> [Data]:
== == ==

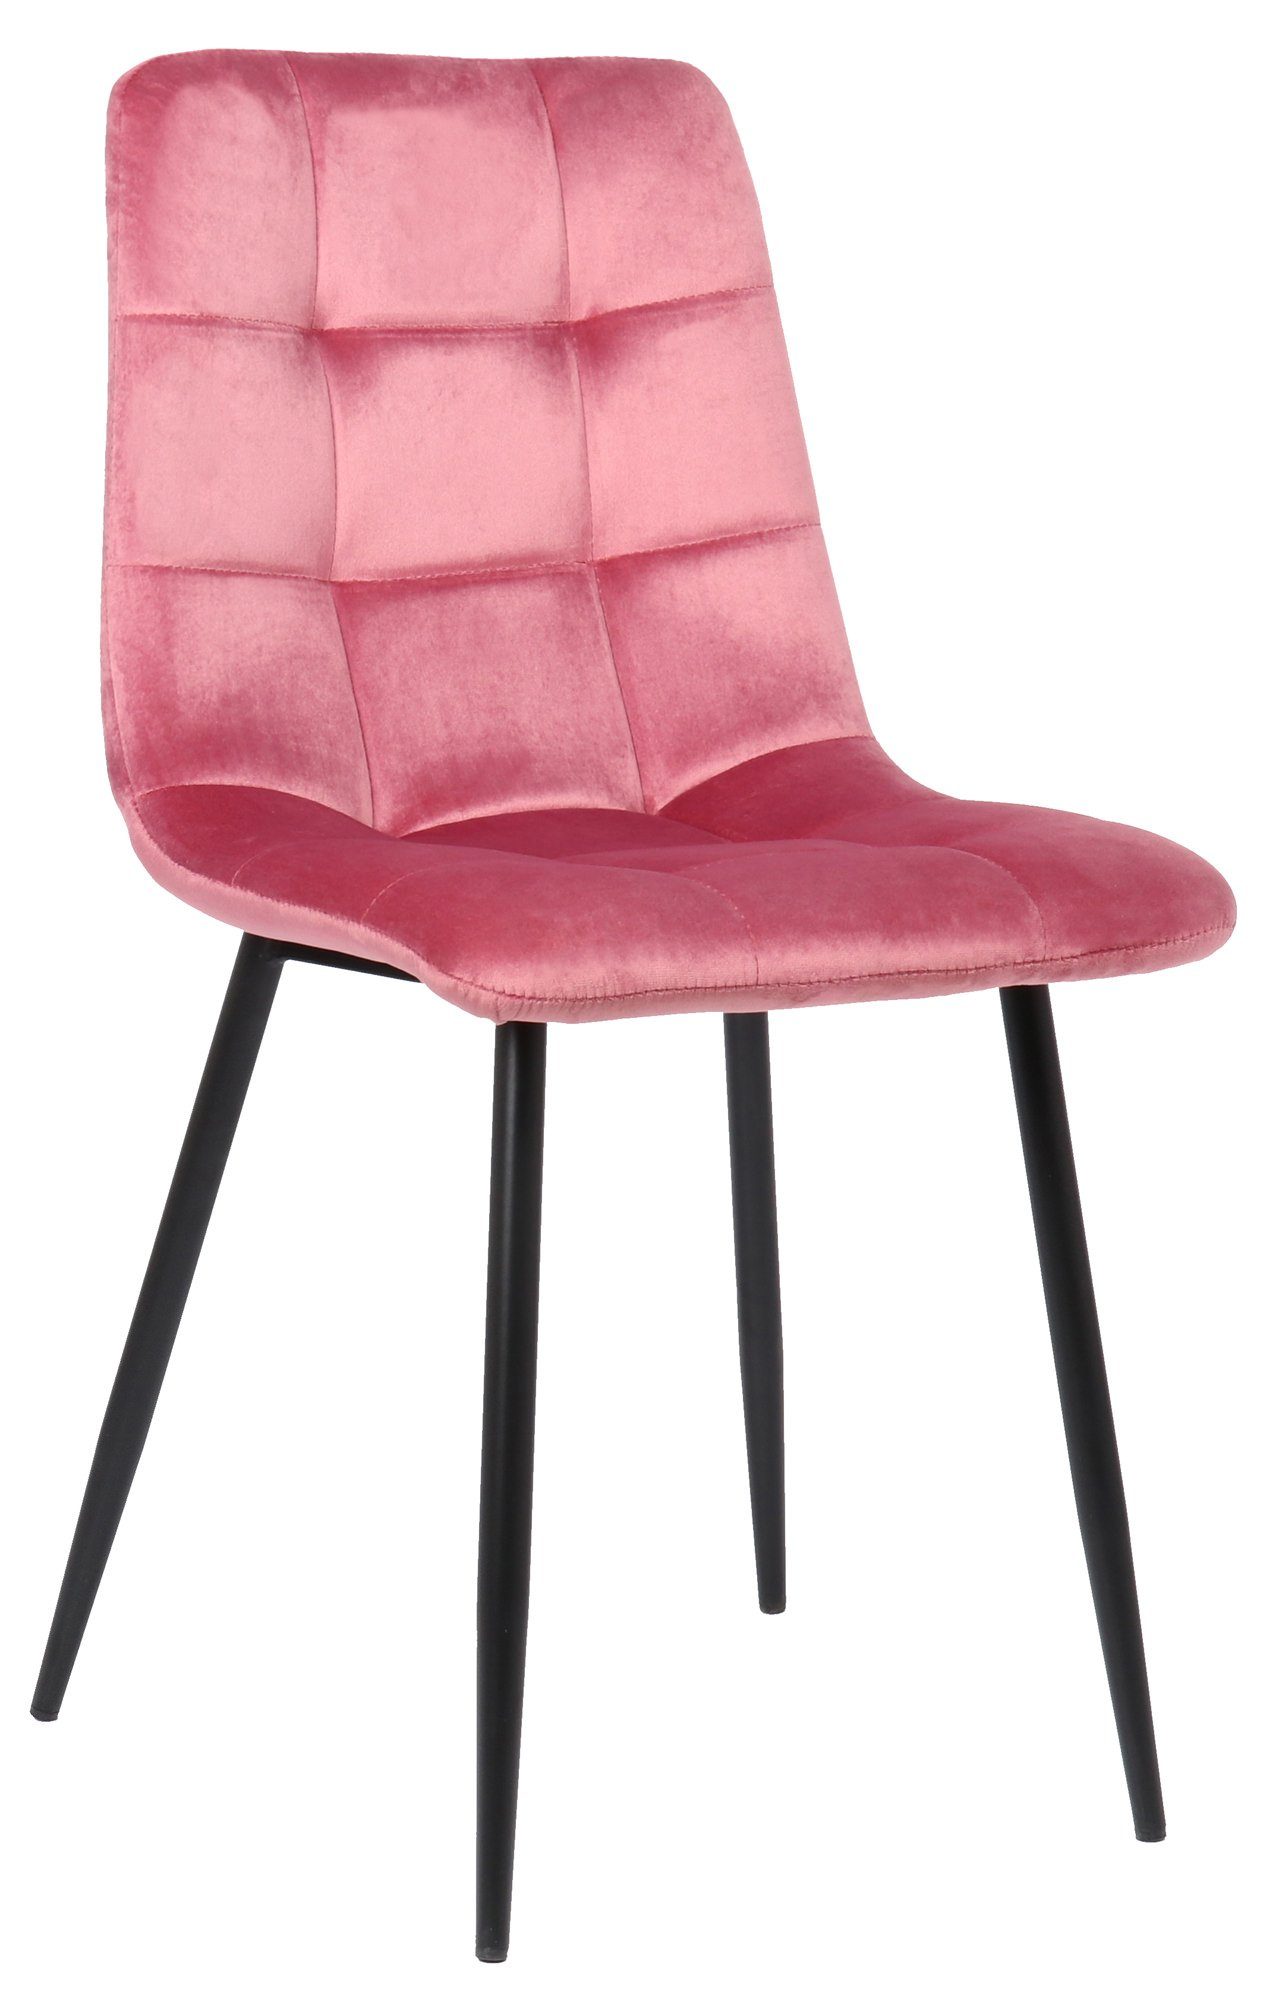 TPFLiving Esszimmerstuhl Till mit hochwertig gepolsterter Sitzfläche - Konferenzstuhl (Küchenstuhl - Esstischstuhl - Wohnzimmerstuhl - Polsterstuhl), Gestell: Metall schwarz - Sitzfläche: Samt pink
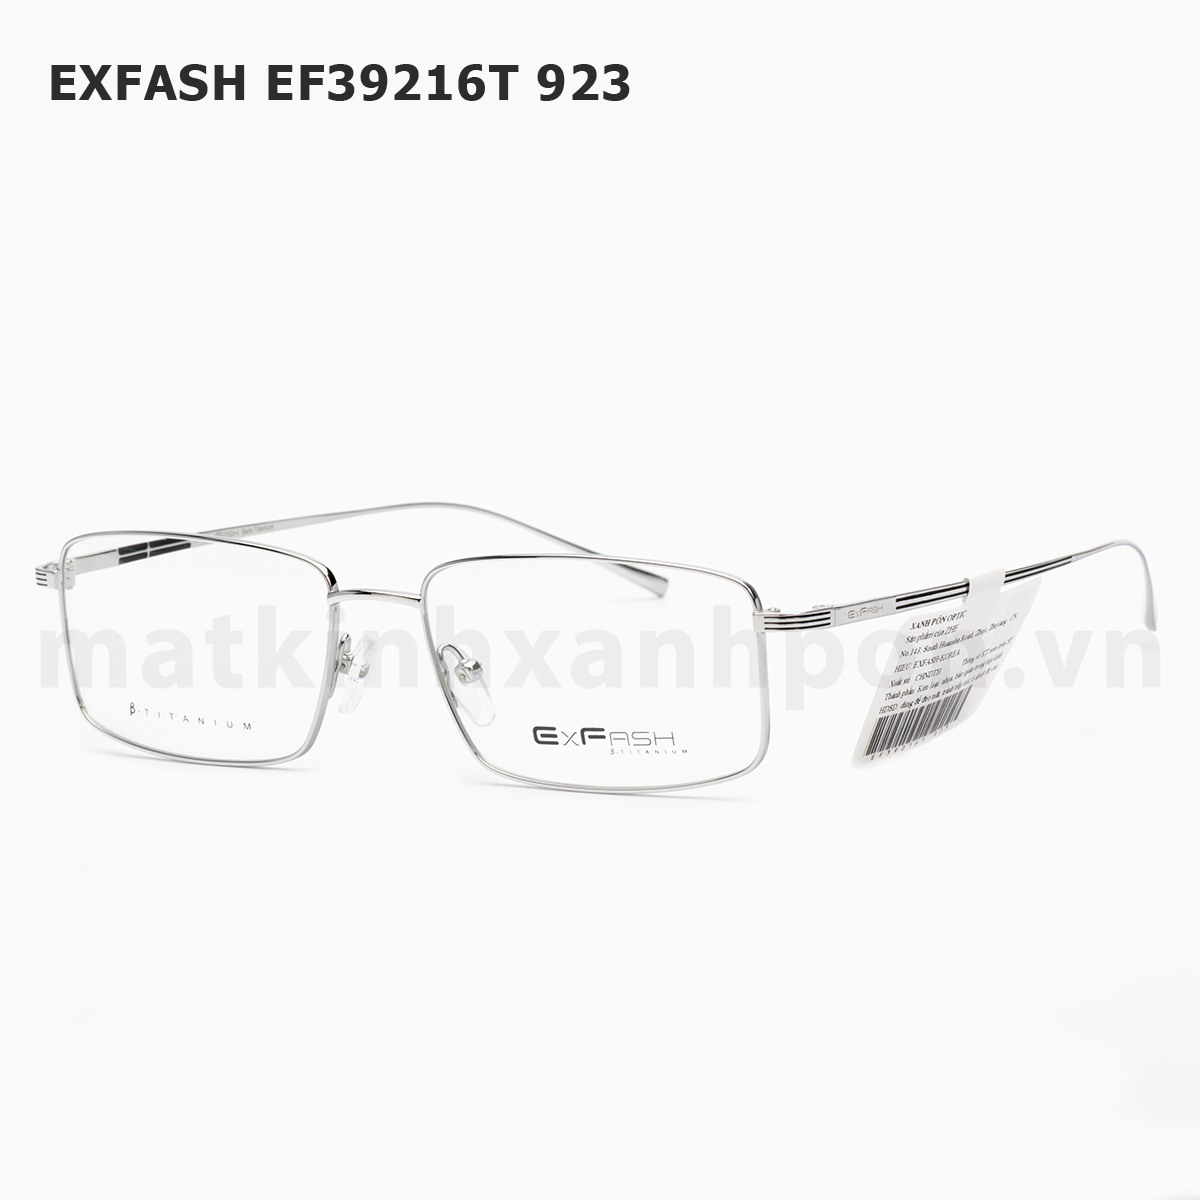 Exfash EF39216T 923
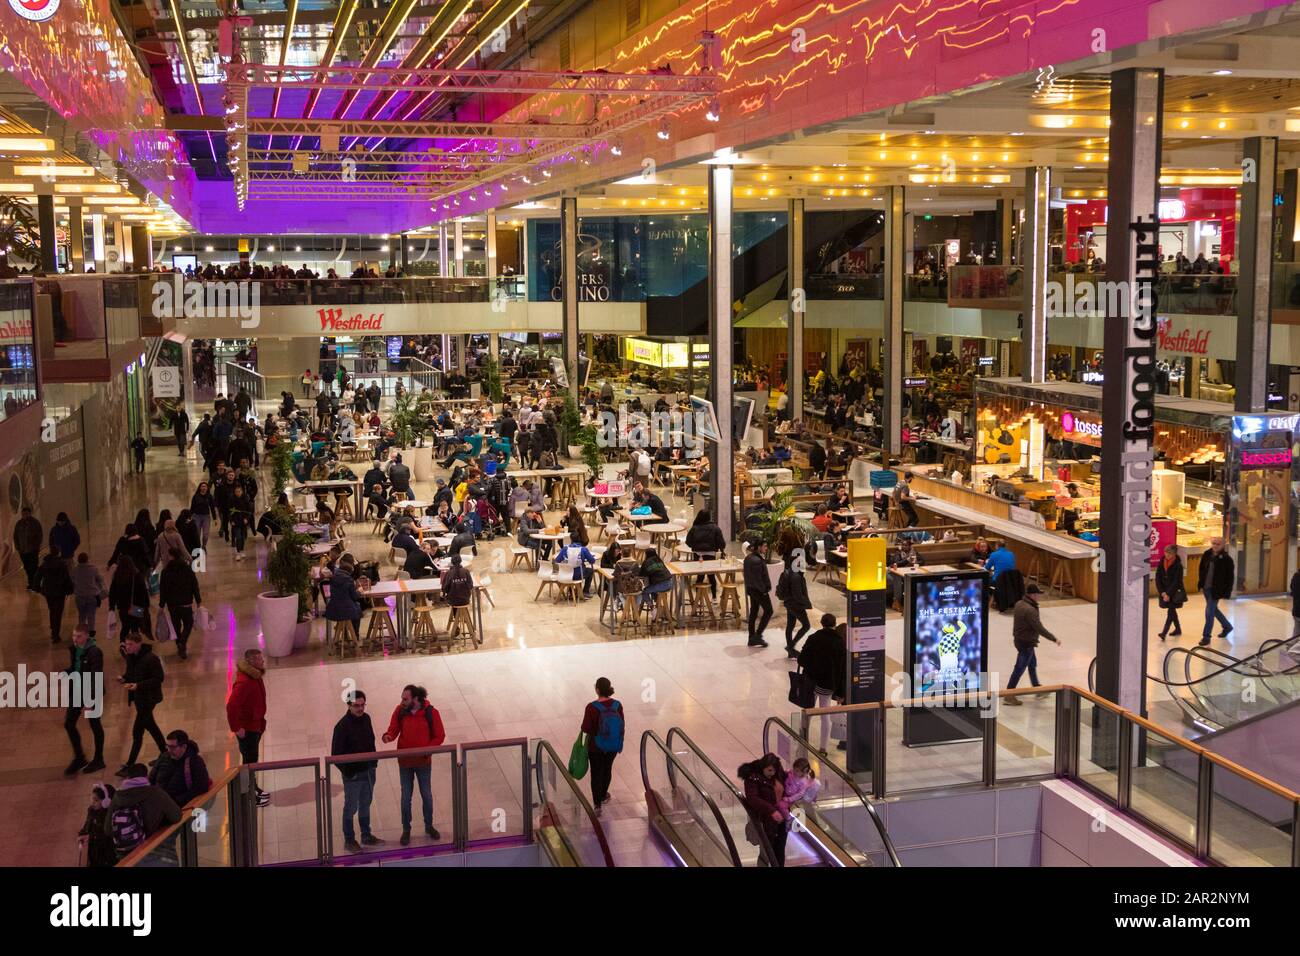 Interior del centro comercial Westfield, zona de restaurantes, stratford, londres, reino unido Foto de stock

== == ==

> [What is expected]:
The task calls for repeating each line above exactly while excluding the pictures.

> [Solution for this task]:
 TPFLiving Esszimmerstuhl Till mit hochwertig gepolsterter Sitzfläche - Konferenzstuhl (Küchenstuhl - Esstischstuhl - Wohnzimmerstuhl - Polsterstuhl), Gestell: Metall schwarz - Sitzfläche: Samt pink
 Exfash EF39216T 923
 Interior del centro comercial Westfield, zona de restaurantes, stratford, londres, reino unido Foto de stock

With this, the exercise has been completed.